Car, si à sa naissance, l’écriture n’étaient qu’inscriptions sur divers
supports, elle se diversifia très rapidement et fut nommée d’après le
support sur lequel elle reposait. Créer avec l’écriture demande donc une création
libre du support auquel elle se rattache : pour cela, la forme requiert un
oubli presque volontaire (il suffit de voir les applications avec la peinture ou
la calligraphie, par exemple). Le mouvement de la main qui tient la plume ou le
crayon déclenche un surprenant et immédiat processus de création : la
naissance d’un être unique, d’un individu, d’une personne semblable à
aucune autre. En tant
que poète, je me pose la question suivante : la création dépend–elle
des formes inhérentes de sa conception, de ses formes ? N’existe-t-il
pas un autre langage artistique, libre de toutes contingences,
s’alliant aux errances de notre imagination ? On entend souvent que tout
a été fait, plus rien n’est à inventer si ce n’est la création en
particulier.
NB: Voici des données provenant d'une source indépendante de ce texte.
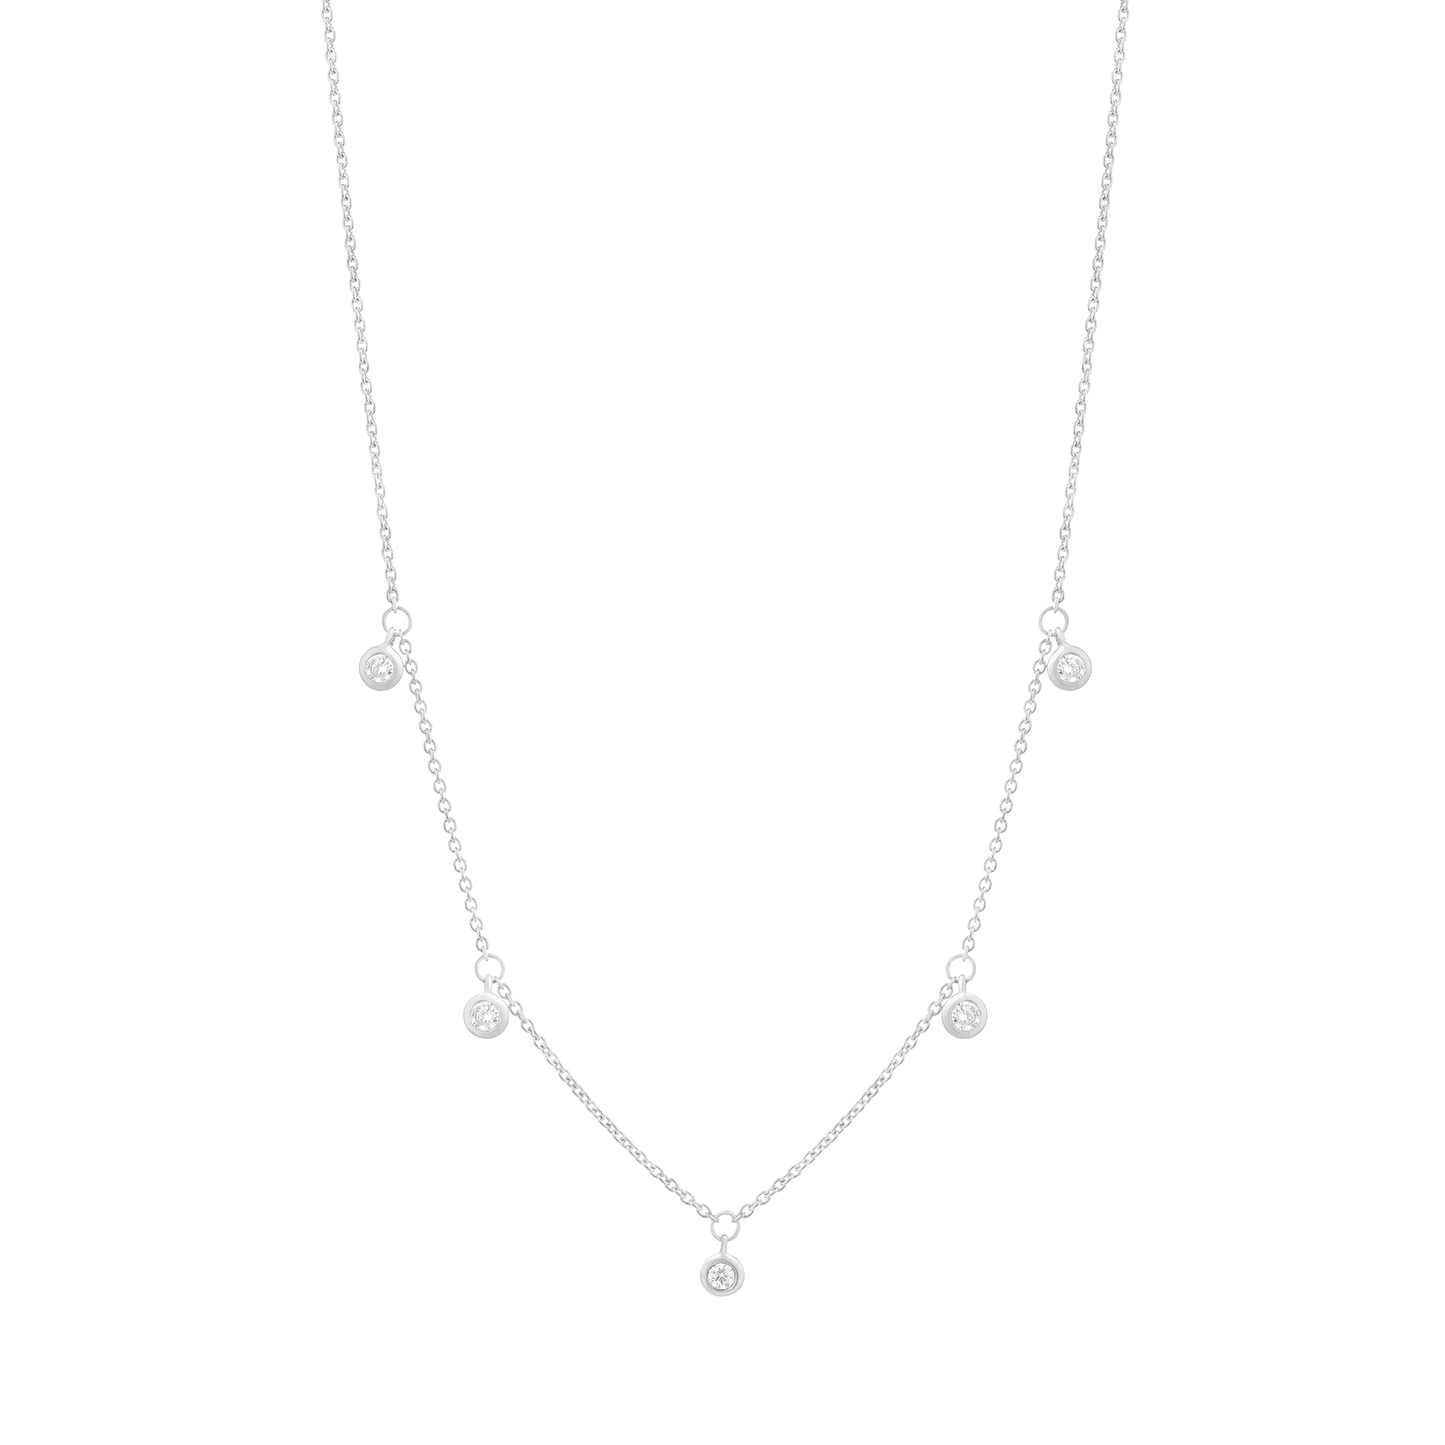 5 Diamonds Bezel Necklace - 14K Rose Gold Necklaces magal-dev

Maintenant que tous les canons de la création en littérature, en
peinture, en poésie, etc... sont connus et reconnus, l’art et la création en
général, vont pouvoir s’exprimer librement, loin de cet étouffement dans
lequel on veut les enfermer, loin de ces boîtes et de ces étiquettes qui
limitent leur champ d’action. A force de vouloir repousser les limites,
celles-ci ont finalement éclaté et laissé paraître au grand jour l’immense
possibilité de jouir d’un espace de créativité. Aussi, avouerai-je que tout
reste à créer ! Une
fois que l’on manipule correctement les codes dans une certaine expression de
l’art, notre personnalité s‘affirme, le masque tombe et ne reste alors que
le créateur. Il y a désormais toute une éducation à la sensibilité qui peut
s’opérer. L’indicible tend une expérience de l’imaginaire, de la représentation, de la création sans la forme.
¤ Être son propre guide (chronique du 31 décembre 2004, Annuaire Scriboïque n°6) Quel vœu ! Être
son guide revient aussi à se libérer durablement de ces formes d’aliénation
à mon sens. Et pour cela, il faut savoir regarder la vie autrement, la
contempler puis la rétablir dans toute son énergie, toute sa
violence…Silence ambigu.. Il va falloir incliner le monde de notre côté,
tordre les préceptes et les lois imbéciles afin de ne plus séparer un corps
et un esprit, tout cela pour le prix d’une même énergie : retrouver son
identité. Par sa nature, la vie insufflée dans nos poumons est une création
permanente et par sa nature encore, elle nous pousse à courber l’univers dans
notre sens. En cela, nous lui sommes redevables et respectueux et devons
l’honorer en exaltant notre propre puissance.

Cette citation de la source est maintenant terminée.